Techniques used in creating these messages:

These messges rely on various techniques, such as emotional appeal, celebrity endorsements, and catchy slogans, to influence consumer behaviour. For example, a popular beverage company in India might launch a campaign featuring a Bollywood star, using their influence to attract customers.

The techniques used in these messages vary widely but often include appealing to emotions, using influential figures, and presenting facts or statistics to support their claims. Recognizing these techniques is a key component of media literacy, allowing individuals to critically evaluate the content they consume.

Some techniques are:

  • Bandwagon
  • Language to evoke emotions
  • Repetition of certain points
  • Testimonial
  • Fear
  • Selective storytelling or cherry-picking facts (all facts not shared) to tell the story
  • Glittering generalities using vague language
  • Transfer, associating the authority or power of an individual to convey a message.

Teaching media literacy to teenagers and adults is essential in today’s information-saturated world. Librarians and educators play a crucial role in this endeavour. They can introduce media literacy through curated lessons that include analyzing different media forms, discussing the purpose behind various messages, and encouraging critical thinking about the content’s credibility and bias. 

Additionally, incorporating media literacy into the curriculum can be highly effective. This could involve case studies of advertisements, propaganda, and PSAs from the Indian context, allowing students to explore real-world examples and engage in meaningful discussions about their implications.

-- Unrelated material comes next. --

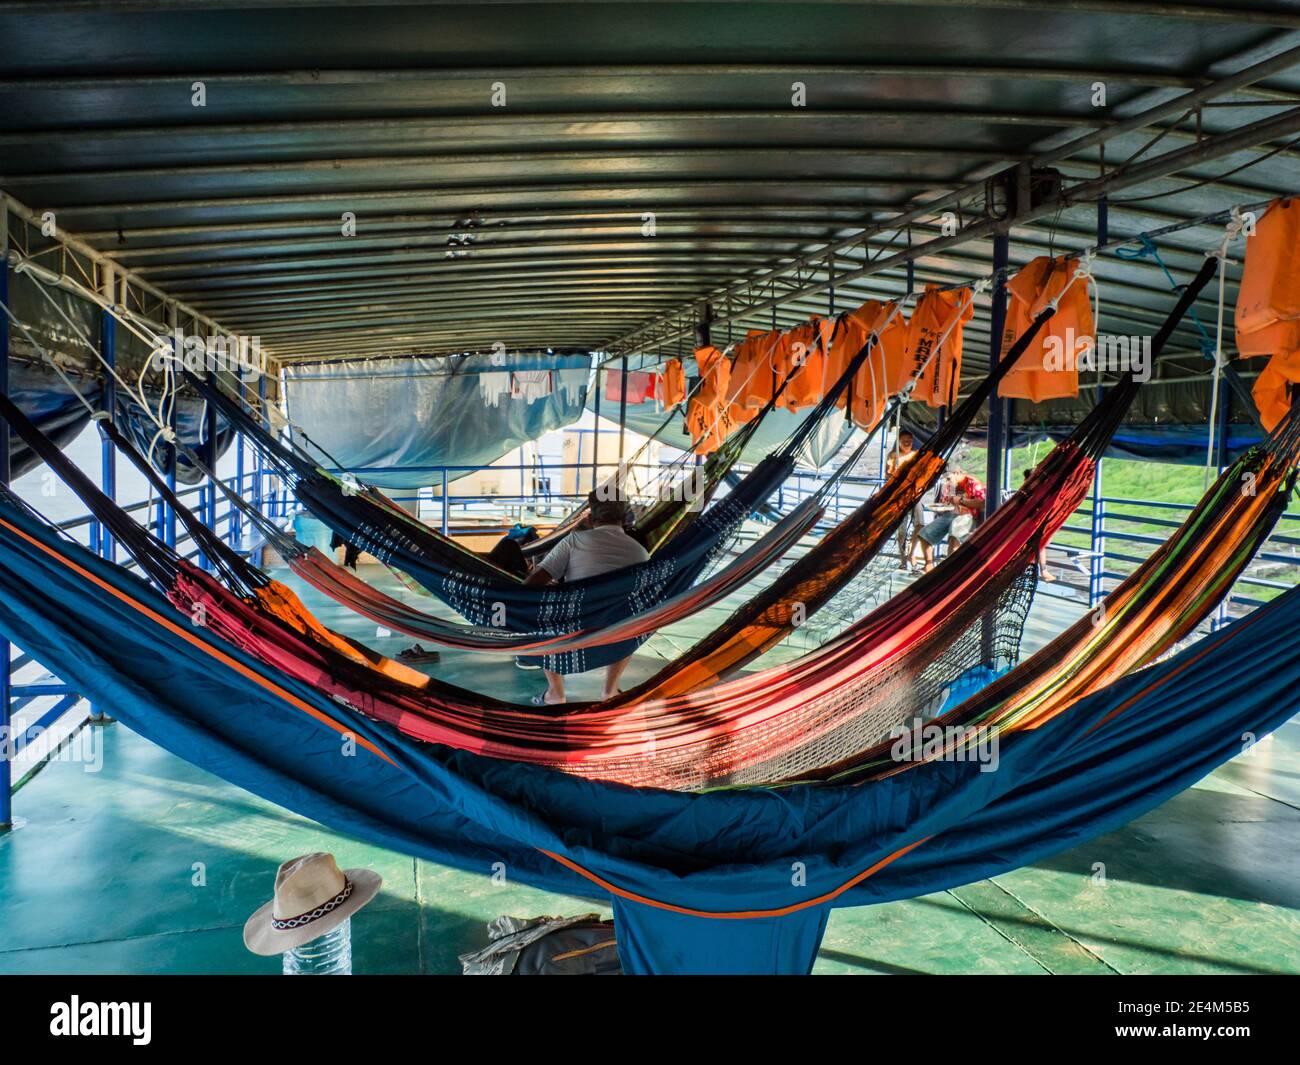 Amazon River, Peru - 19. Sep 2019: Viele schöne, bunte Hängematten auf dem  Frachtschiff. Amazonien, Weg von Santa Rosa nach Iquitos. Amazonas, Peru  Stockfotografie - Alamy

By understanding the nuances between advertisements, propaganda, and PSAs, and by being aware of the techniques used in these messages, individuals can become more informed consumers and producers of media. Librarians and educators play a significant role in fostering this literacy, equipping teenagers and adults with the critical thinking skills to discern truth from falsehood.  Together, we can cultivate a society that values truth, encourages informed decision-making, and promotes a healthy, democratic discourse.